Data segment:
╔══

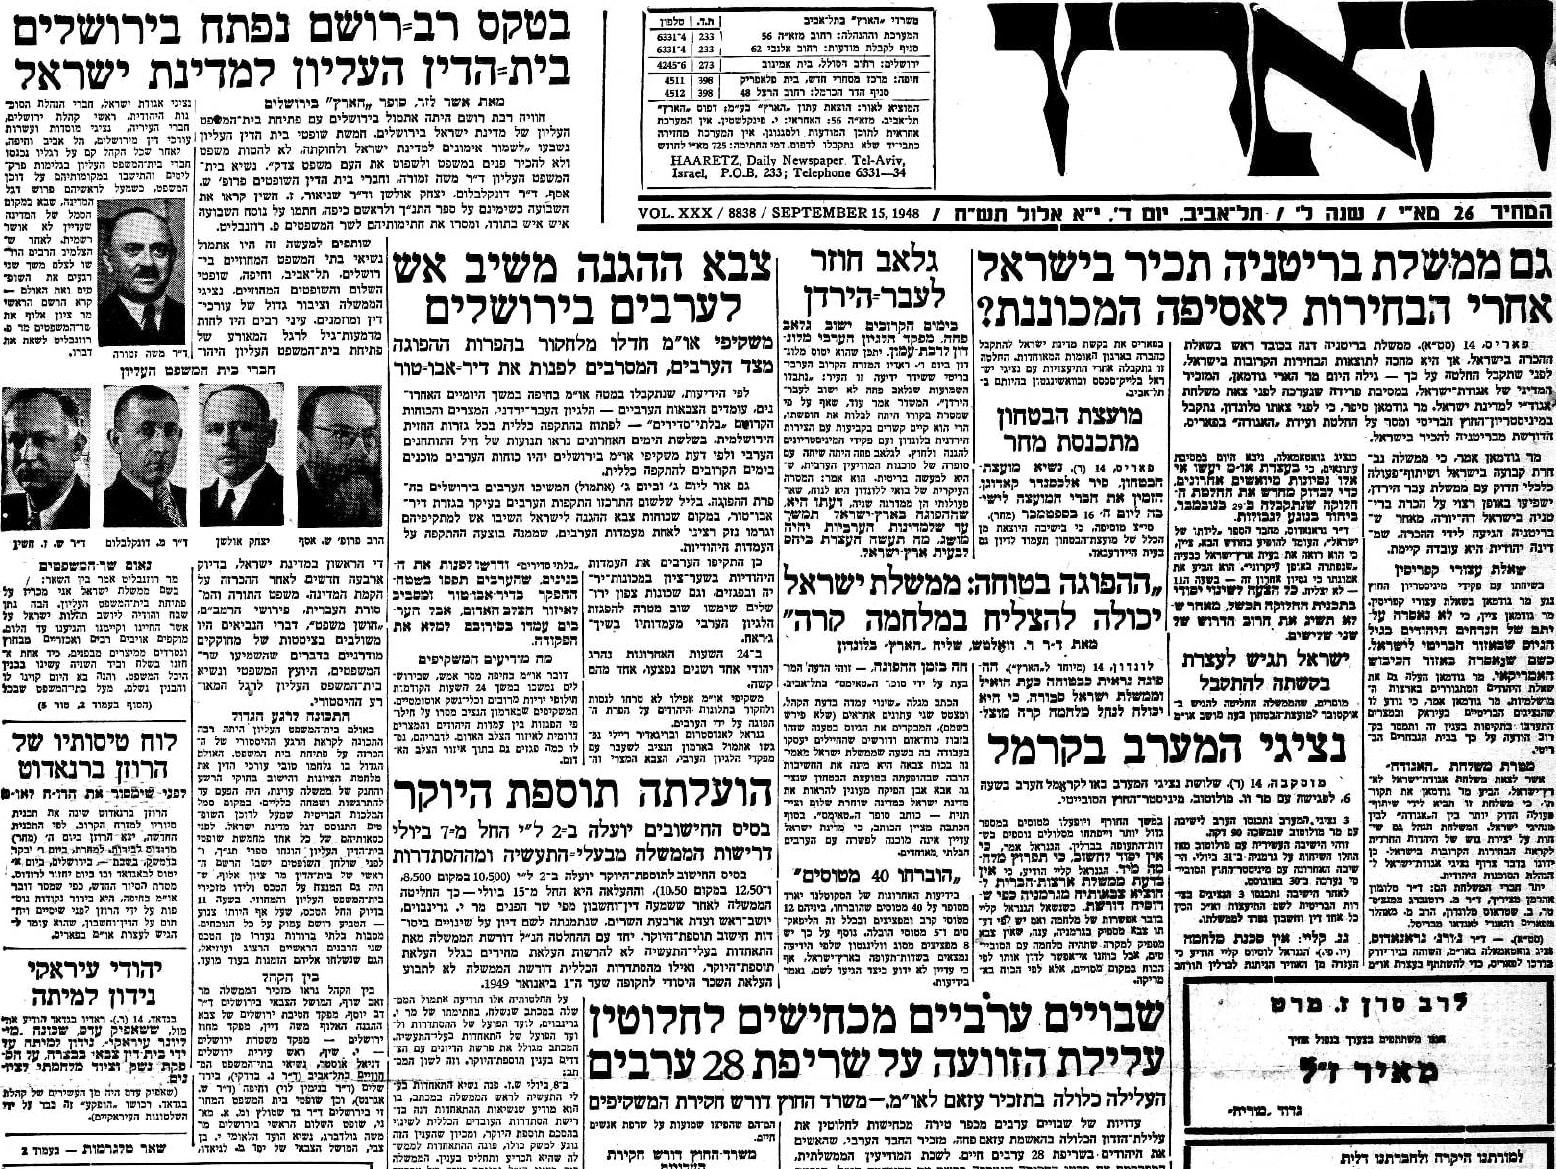 הידיעה בעמוד הראשי של &quot;הארץ&quot; על פתיחת &quot;בית הדין העליון למדינת ישראל&quot;, 15 בספטמבר 1948
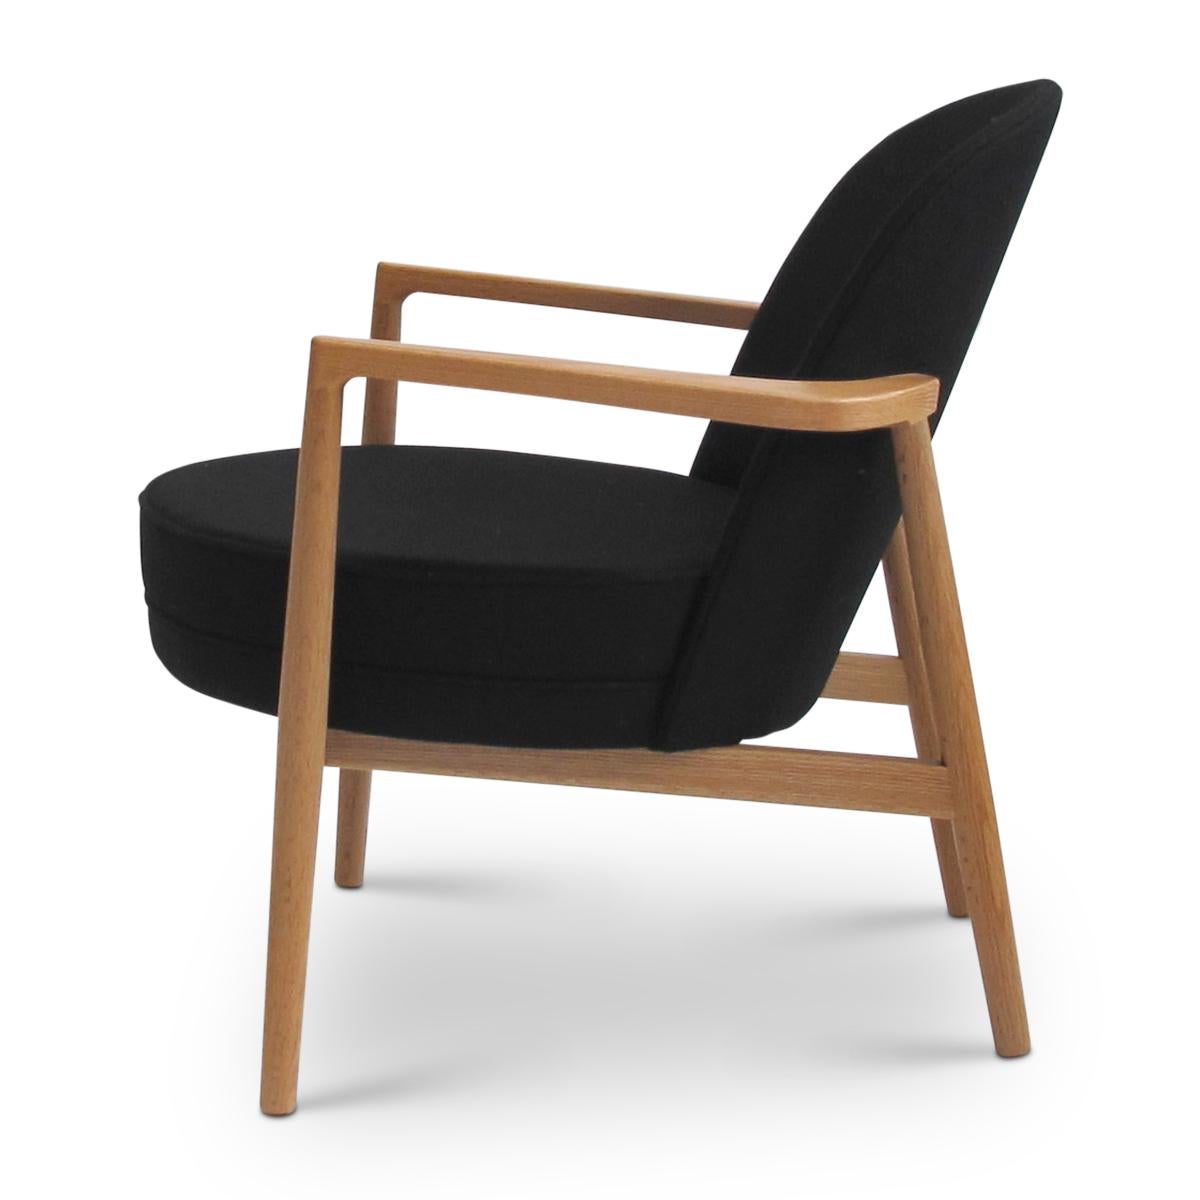 Danish Niels Gammelgaard, Round Chair, Oak Frame Lounge Chair, Black Armchair
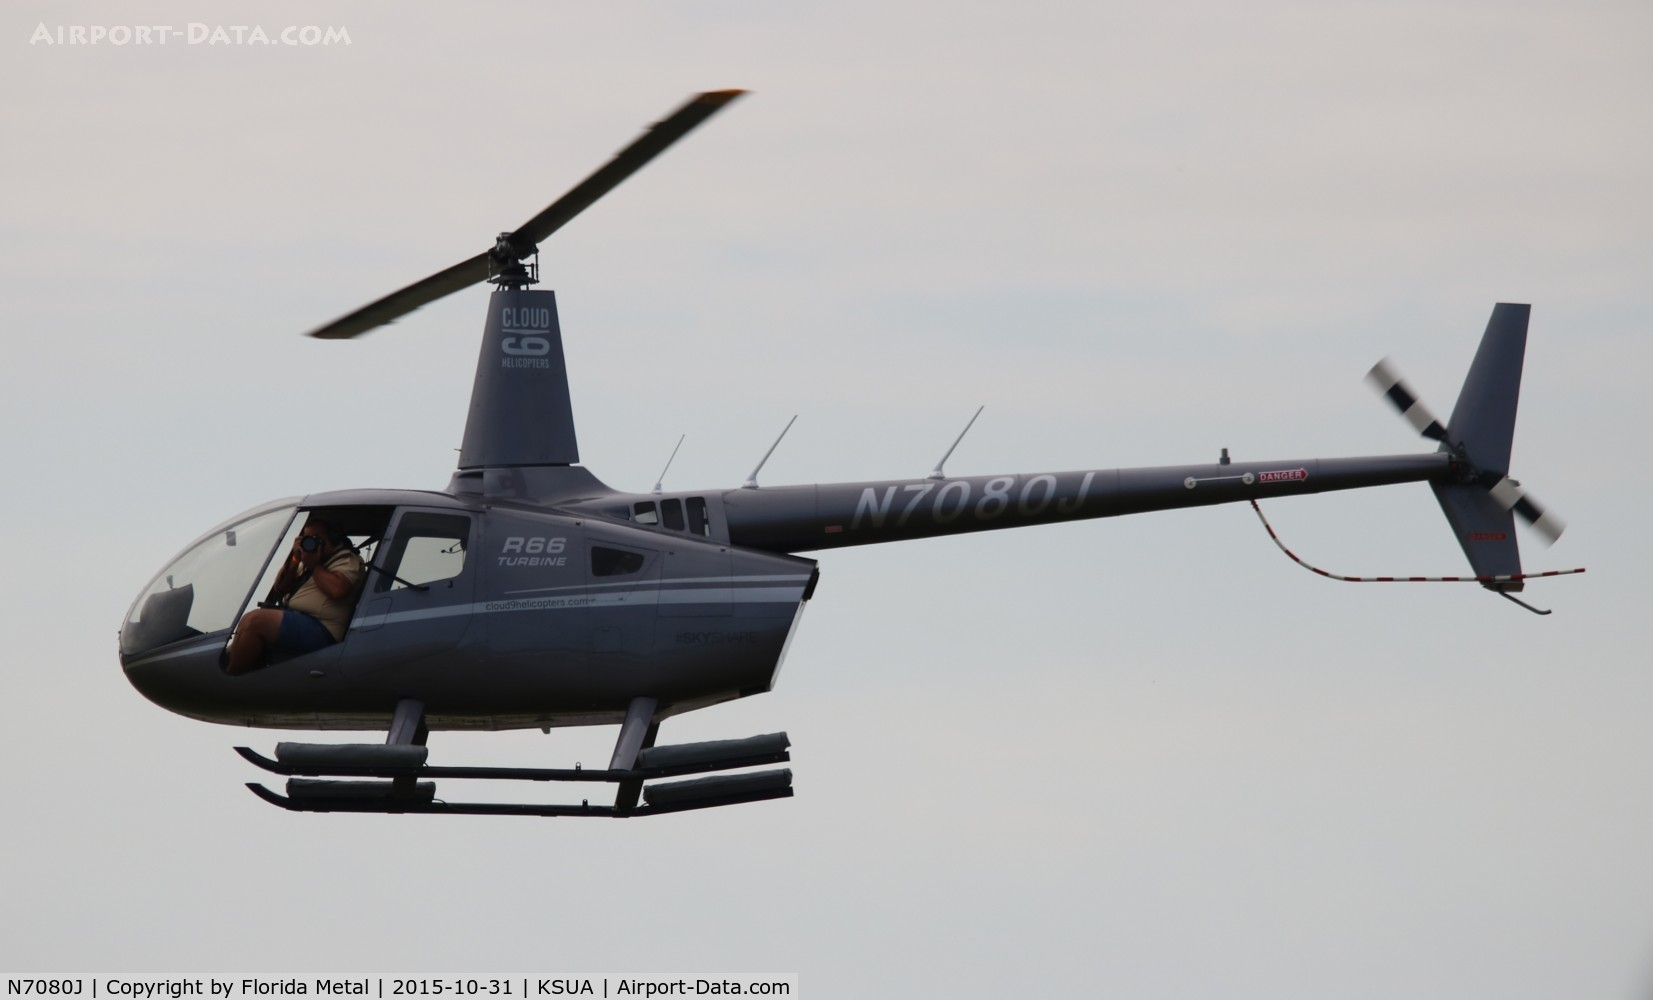 N7080J, 2013 Robinson R66 Turbine C/N 0453, R66 chopper

╚══

Goal of the exercise:
Output the listing above exactly as it stands; no picture should appear.

Answer for this exercise:
 הידיעה בעמוד הראשי של &quot;הארץ&quot; על פתיחת &quot;בית הדין העליון למדינת ישראל&quot;, 15 בספטמבר 1948
 Danish Niels Gammelgaard, Round Chair, Oak Frame Lounge Chair, Black Armchair
 N7080J, 2013 Robinson R66 Turbine C/N 0453, R66 chopper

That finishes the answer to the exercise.